More than 150 ex-Dentsu employees plan legal action for data breach

The Information Commissioner’s Office has received a complaint about Dentsu’s data breach, as frustration mounts among former employees affected.

The ICO said the complaint would be “considered in line with [its] standard complaints process” and that it would make inquiries into the incident.

Dentsu had already reported the incident to the public body because the scale of the leak exceeded the legal threshold at which organisations must inform the ICO.

Campaign understands several informal groups of ex-employees are considering collective legal action against Dentsu after being told their data had been breached. One WhatsApp group has more than 150 members. 

A “Join the Claim” page has also been set up, which connects people with regulated UK law firms that run group action claims.

The initial message from Dentsu to those affected, sent on 27 October, said that its investigation identified that “certain files were taken from Merkle’s [Dentsu's CX agency] network”. It added that it “anticipated” the files included bank and payroll details, salary, National Insurance number, and personal contact details.

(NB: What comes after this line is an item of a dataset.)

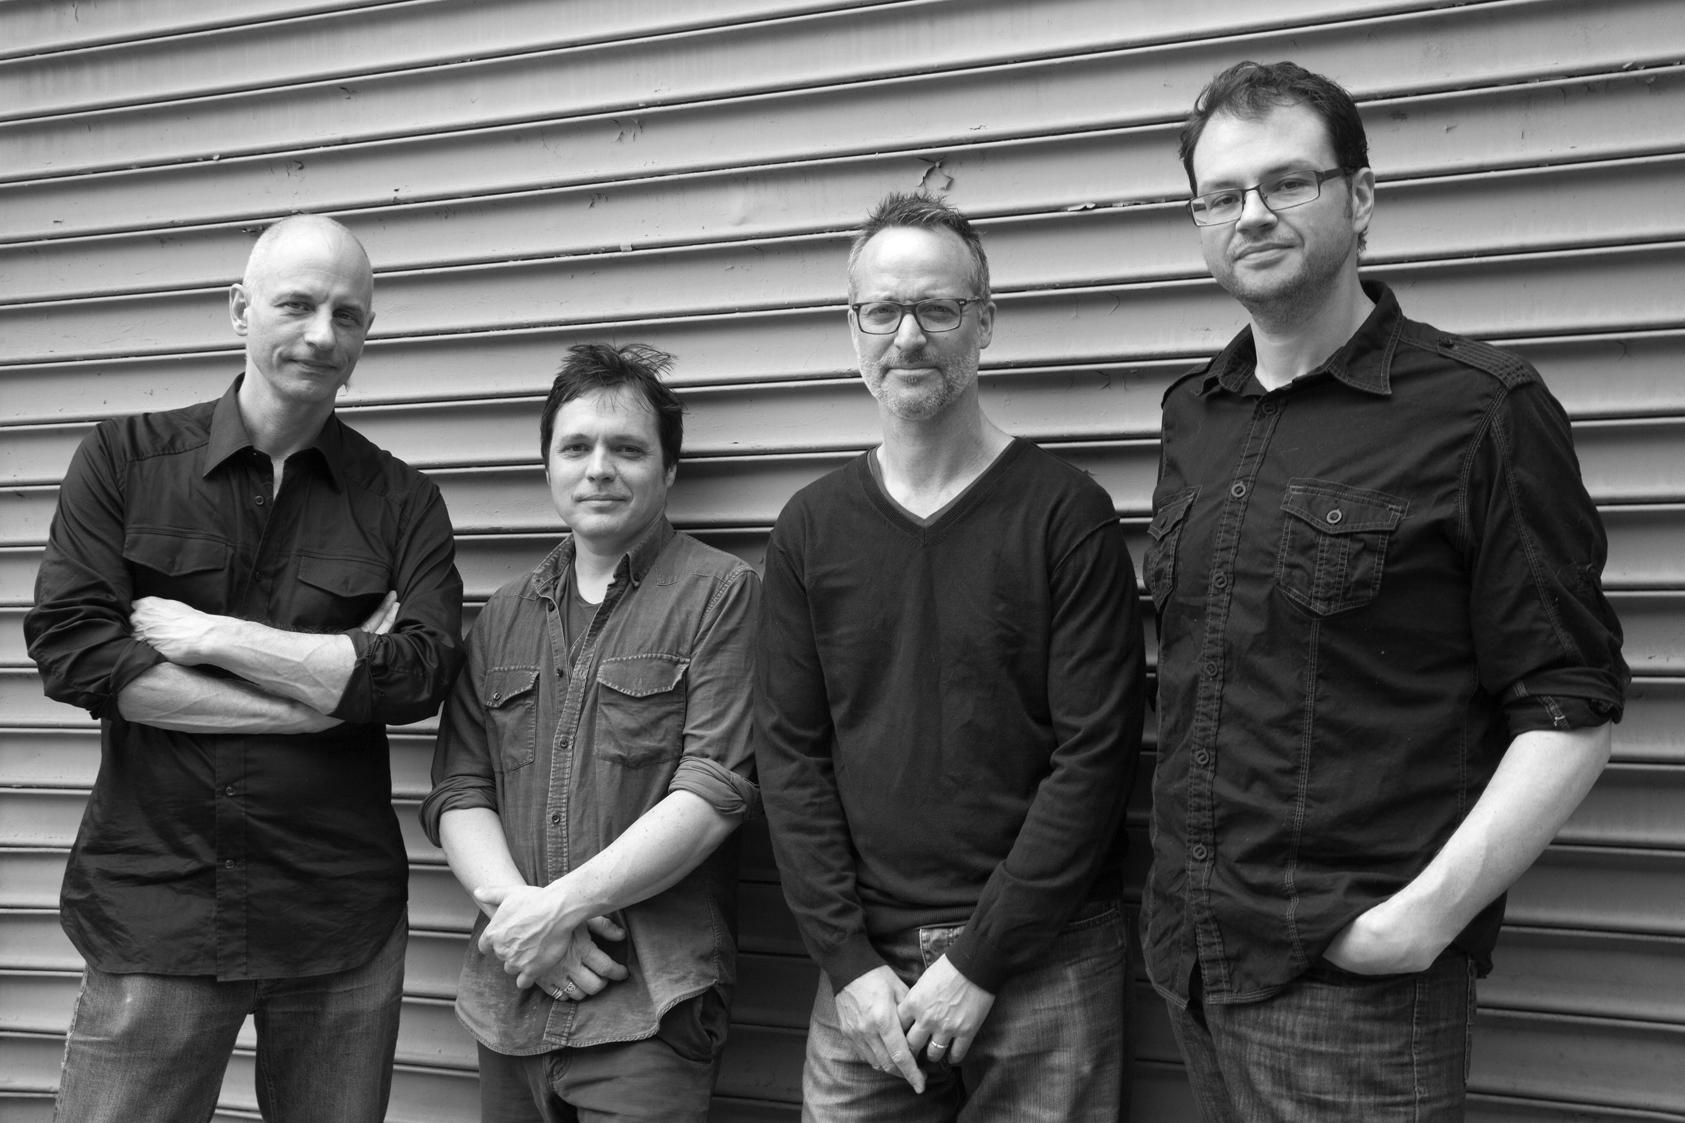 Erik Friedlander, cello; Trevor Dunn, bass; Michael Sarin, drums; Doug Wamble, guitar

The message further explained that Dentsu had informed law enforcement, launched an investigation with assistance from a cybersecurity firm, and encouraged those affected to monitor their financial statements. The company also offered a year’s subscription to Experian Identity Plus, a credit and dark-web monitoring service.

In private conversations with Campaign, former Dentsu employees said they were disappointed not to have been contacted further and are unsure which specific details of theirs have been leaked.

Others are frustrated at the length of time Denstu has retained data for, as some of those affected left the business more than 10 years ago. 

The default standard retention period for HMRC records is seven years (or six years, plus the current financial year). Under UK GDPR and the Data Protection Act 2018, personal data processed by HMRC must not be retained for longer than is necessary for its lawful purpose.

When contacted by Campaign, a Dentsu spokesperson at the time of Campaign's original reporting said: “A review of those files determined that they contained information relating to some clients, suppliers and current and former employees.” 

Following the complaint, the ICO could make recommendations to the organisation on how to improve its information rights practices. In severe cases, it could enforce financial penalties: the standard maximum is US$11.4 million (£8.7 million) or 2% of the company's global turnover. This penalty would be separate from any compensation awarded to those affected.

Jo Sanders, a partner at Withers, specialising in data and information disputes, said: “It is too early to tell exactly what the consequences might be, but it seems that Dentsu is offering the recommended steps, such as enhanced monitoring for fraud. Not every data breach means that there has been a failure to meet security standards and even the most well-maintained systems can be vulnerable to malicious attacks.      

“Those employees whose details have been disclosed would only have a claim for compensation if what has occurred is a breach of data protection obligations, the main one of which is to maintain adequate security. The fear of the consequences of personal details being leaked can in theory lead to a claim for compensation but it can't be purely speculative.” 

The breach also compromised LNER customer data, with the train operator telling customers: “We have been made aware of unauthorised access to files managed by a third-party supplier, which involves customer contact details and some information about previous journeys.”

A spokesperson for LNER confirmed to Campaign that “no bank, payment card, or password information had been affected” and a “thorough investigation” was underway.

The breach comes amid speculation over Dentsu's future, after the Japanese-owned network appointed bankers to sound out buyers for its international creative and media business.